Assuming that the distribution and sample sizes of the data across covariates are identical in the SBC and in your real dataset, and assuming this difference in speed is consistent both across repeated runs of the full model and across all of a reasonably large number of SBC runs, this seems likely. The intuition here is that if the wall time is a reliable-ish function of the simulated data, then this is essentially a posterior predictive check. To make it even more like a posterior predictive check, you could draw the parameter values in SBC not from the prior, but rather from the posterior. As with posterior predictive checks, to feel confident of misspecification you would want to see that your wall time is atypical compared to a large majority of the wall-times on the simulated datasets.
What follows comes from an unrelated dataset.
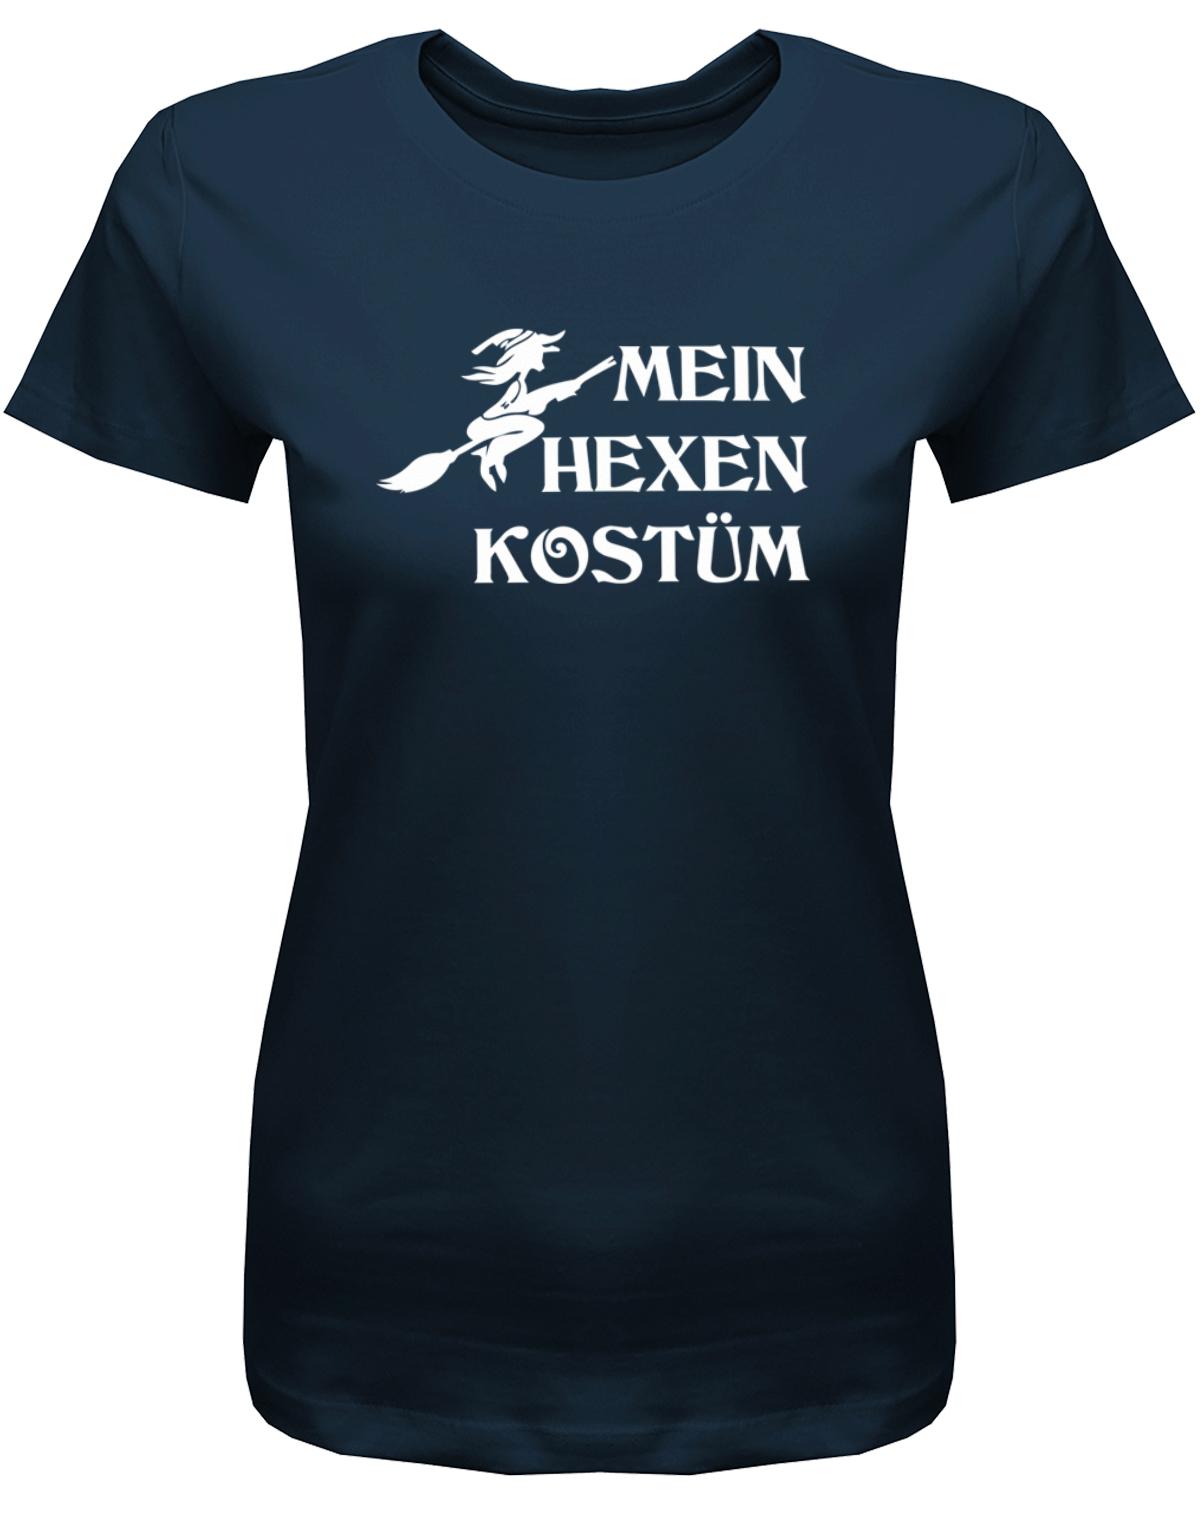 Mein-hexen-Kost-m-Damen-Shirt-Fasching-Karneval-Navy

If it’s slower than 90% but similar to 10%, that wouldn’t be particularly strong evidence for misspecification.

With all of that said, formal posterior predictive checking with judiciously chosen discrepancy functions will almost surely give you better, deeper, and more precise insight into whether and how your model is misspecified. I wouldn’t rely on wall time from fitting as a particularly reliable or useful discrepancy function, since it’s noisy (it’s a nondeterministic function of yrep) and tells you almost nothing about the nature or manifestation of a problem even if it identifies that a problem exists, not to mention that it’s extremely expensive to compute! A good discrepancy function should suggest a modification to the model to reduce the identified misspecification.

5 Likes

Thank you Jacob!